I do it dirty: copy dir models and utils and paste into target dir, this can work.
@yxxxqqq Have you solved it?
I have the same problem with NMS
model = torch.hub.load('ultralytics/yolov5', 'yolov5s', pretrained=True)
After NMS: pred: [None]
@yxxxqqq if pred[i] = None
for image i
, you have no detections above threshold in that image.
@glenn-jocher Thanks for the reply
For the same image
In detect.py
When I used
model = attempt_load(weights, map_location=device)
pred = model(img, augment=opt.augment)[0]
pred got 3 dims and after NMS The result is perfect.
I changed it to
model = torch.hub.load('ultralytics/yolov5', 'yolov5s', pretrained=True).to(device)
pred = model(img, augment=opt.augment)[0]
pred got 5 dims and after NMS pred = [None]
Do I need to reshape the pred before NMS?
@1chimaruGin torch hub model may be in training mode rather than eval mode.
@glenn-jocher Ah Thank you.
Got it!
@glenn-jocher
I comment this issue because I got the same problem. I just integrate the detect.py to an existing project but I got the error message that say
model = attempt_load(weights_file, map_location=device)
File "/home/florian/PycharmProjects/eyesr_custom_ai_detector/CustomDetector/detector_files/yolov5/models/experimental.py", line 137, in attempt_load
model.append(torch.load(w, map_location=map_location)['model'].float().fuse().eval()) # load FP32 model
File "/home/florian/PycharmProjects/eyesr_custom_ai_detector/virtual_env/lib/python3.6/site-packages/torch/serialization.py", line 584, in load
return _load(opened_zipfile, map_location, pickle_module, **pickle_load_args)

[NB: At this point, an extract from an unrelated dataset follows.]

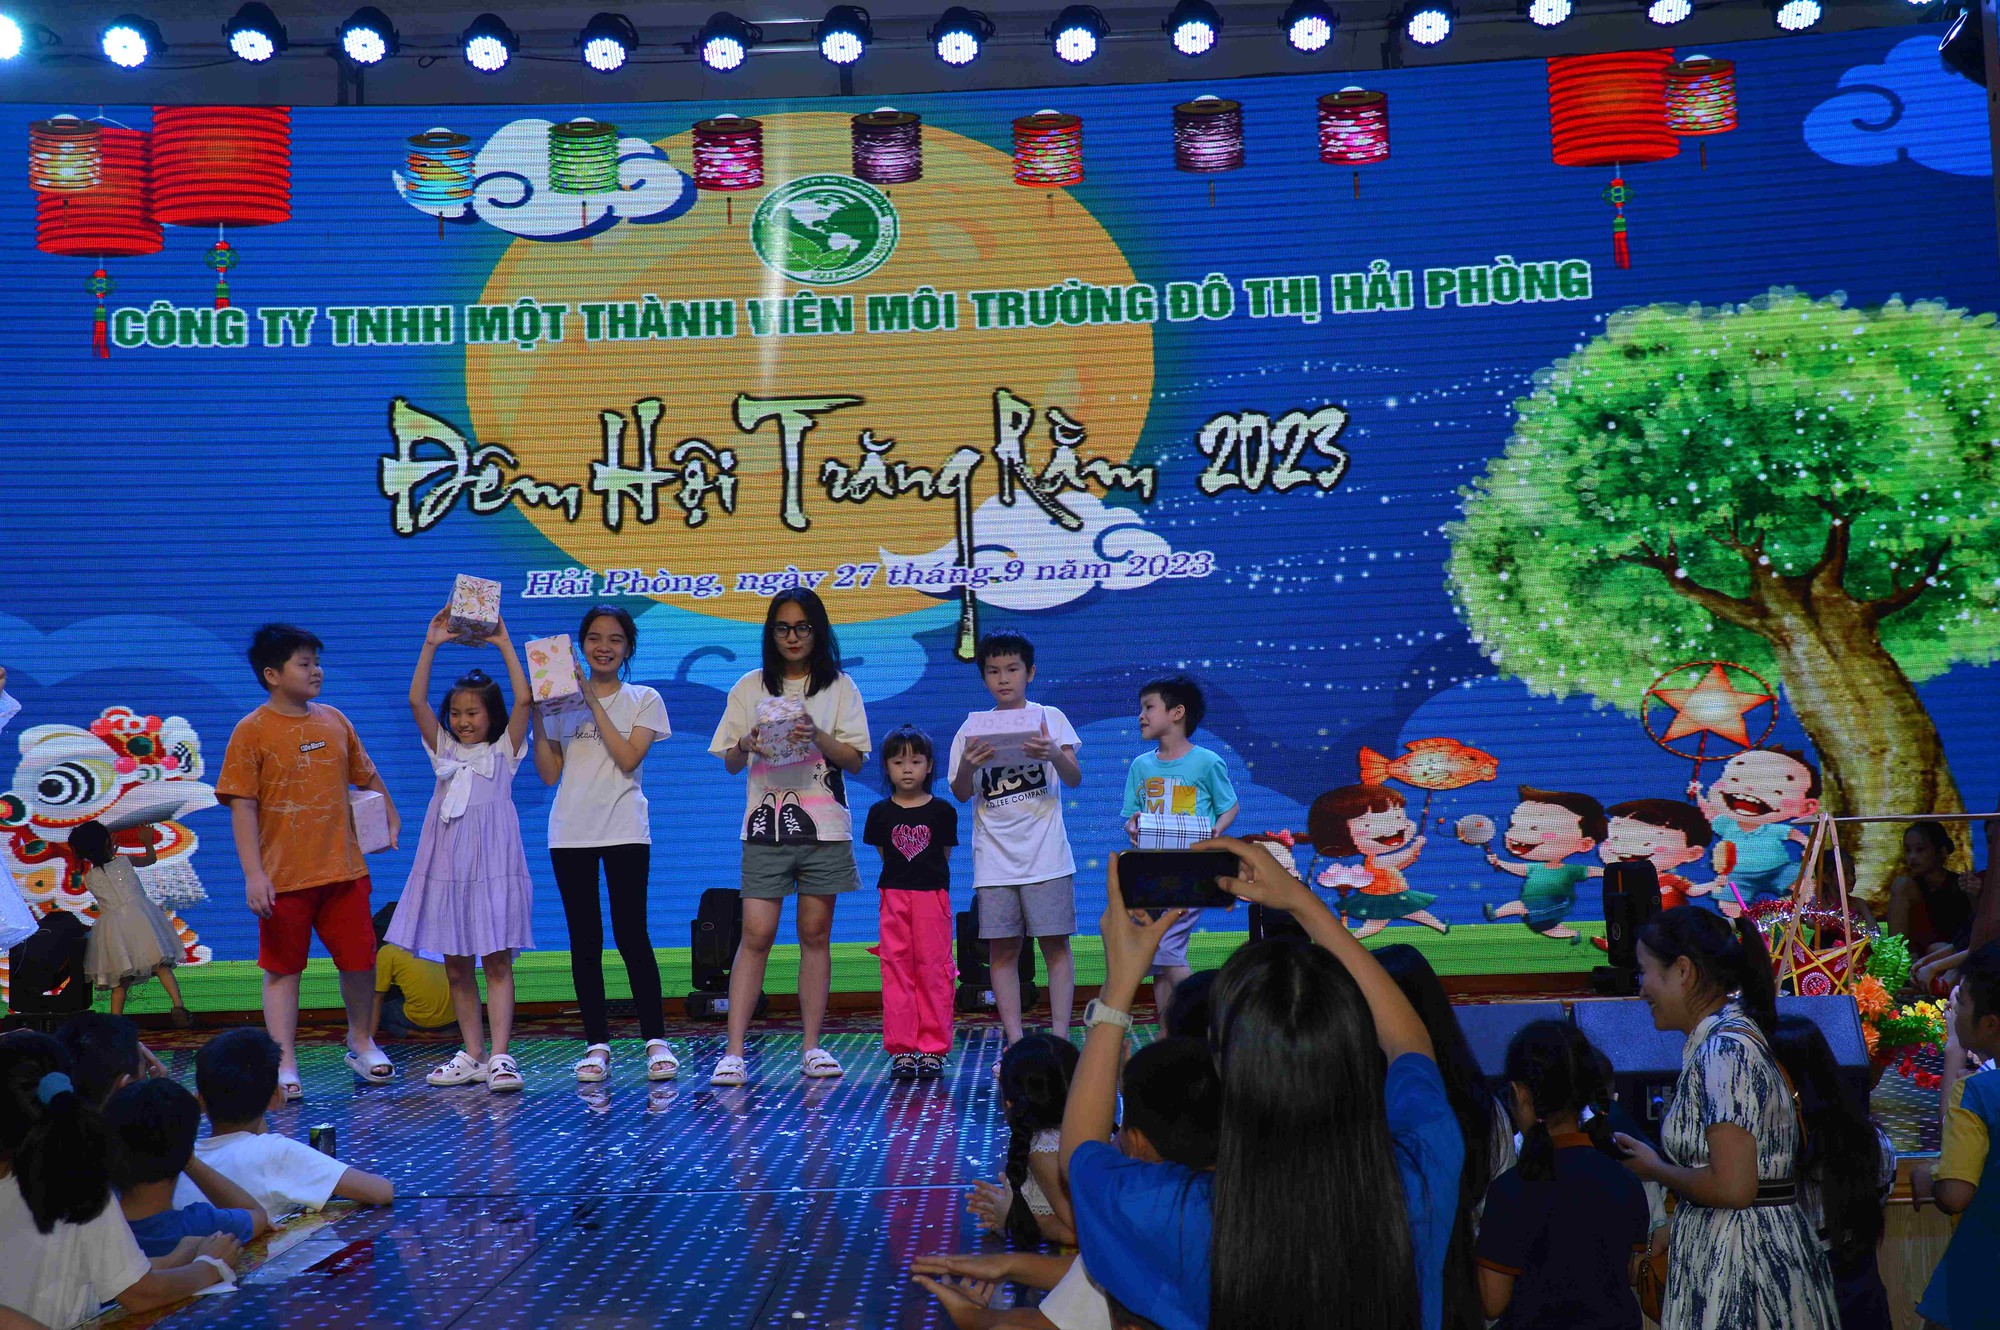 Công ty TNHH MTV môi trường đô thị Hải Phòng tổ chức vui Tết Trung thu cho hơn 900 em nhỏ - Ảnh 2.
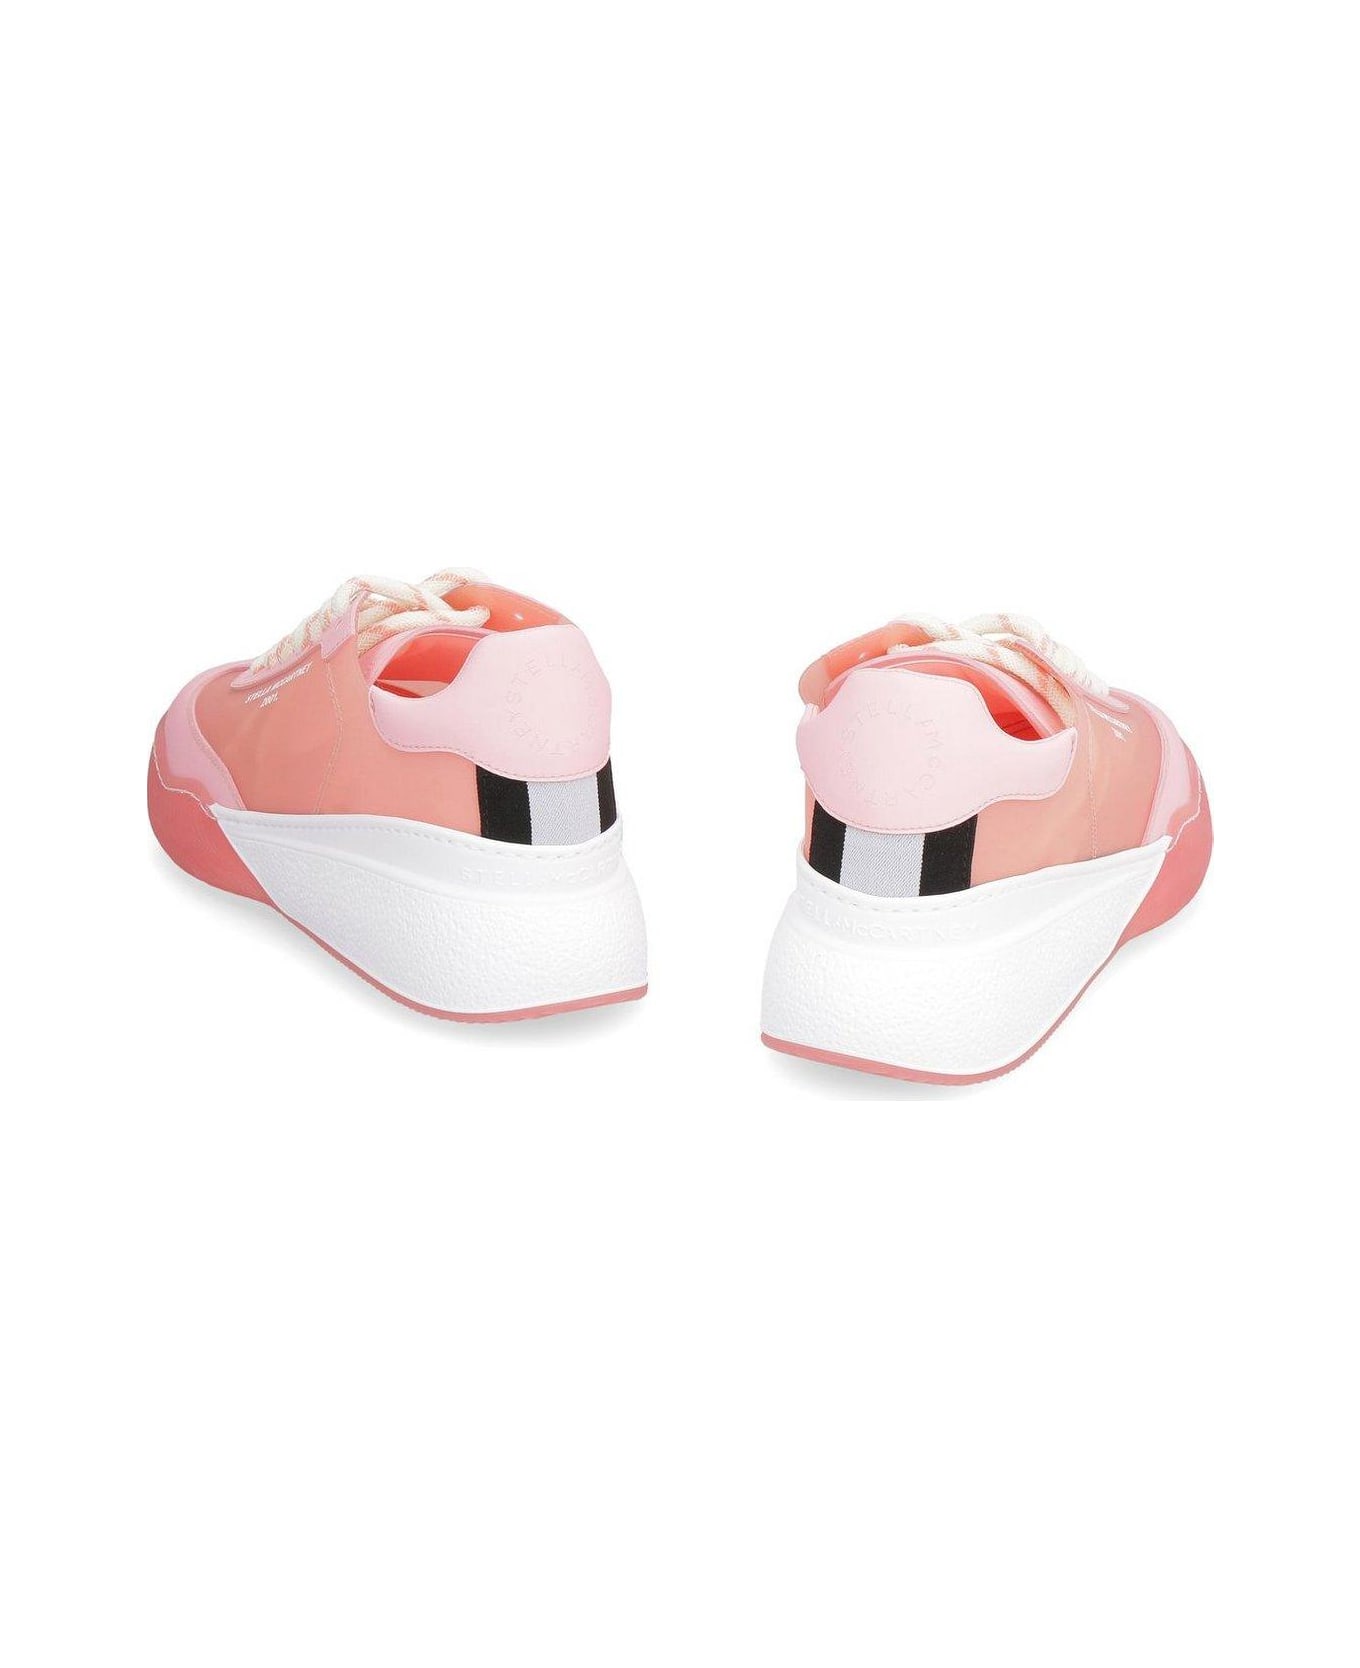 Stella McCartney Loop Lace-up Sneakers - Pink

File "/home/florian/PycharmProjects/eyesr_custom_ai_detector/virtual_env/lib/python3.6/site-packages/torch/serialization.py", line 842, in _load
result = unpickler.load()
ModuleNotFoundError: No module named 'models'
The previous message don't really explain how to fix this (Instead of using back the cfg file and so one). What is exactly the solution to this error message ?
I use Pytorch 1.6 and Python 3.6
@FlorianRuen
I faced the same problem when I use attempt_load(weights_file, map_location=device)
from the outside of this repo.
So, I load the pretrained model from hub model = torch.hub.load('ultralytics/yolov5', 'yolov5s', pretrained=True).to(device).eval()
@1chimaruGin so you assume that every time we launch the script, it will download from the hub, so we need network access on the device that will execute the project ?
If I change all the line from:
model.append(torch.load(w, map_location=map_location)['model'].float().fuse().eval()) # load FP32 model
to
model.append(torch.hub.load('ultralytics/yolov5', 'yolov5s', pretrained=True).to(map_location).eval())
I got a SSL CERTIFICATE_VERIFY_FAILED, that I can easily correct.
But the other problem, it that I'm using the exact same directory structure. So when I try to run the script it say it can't found utils.google_utils, which is normal because the path should be detector_files.ultralytics.yolov5.utils.google_utils
@FlorianRuen
Yeah It will download from the hub but for once.
I mean in detect.py
line 35. Not in experimental.py
.
model = model = torch.hub.load('ultralytics/yolov5', 'yolov5s', pretrained=True).to(device).eval()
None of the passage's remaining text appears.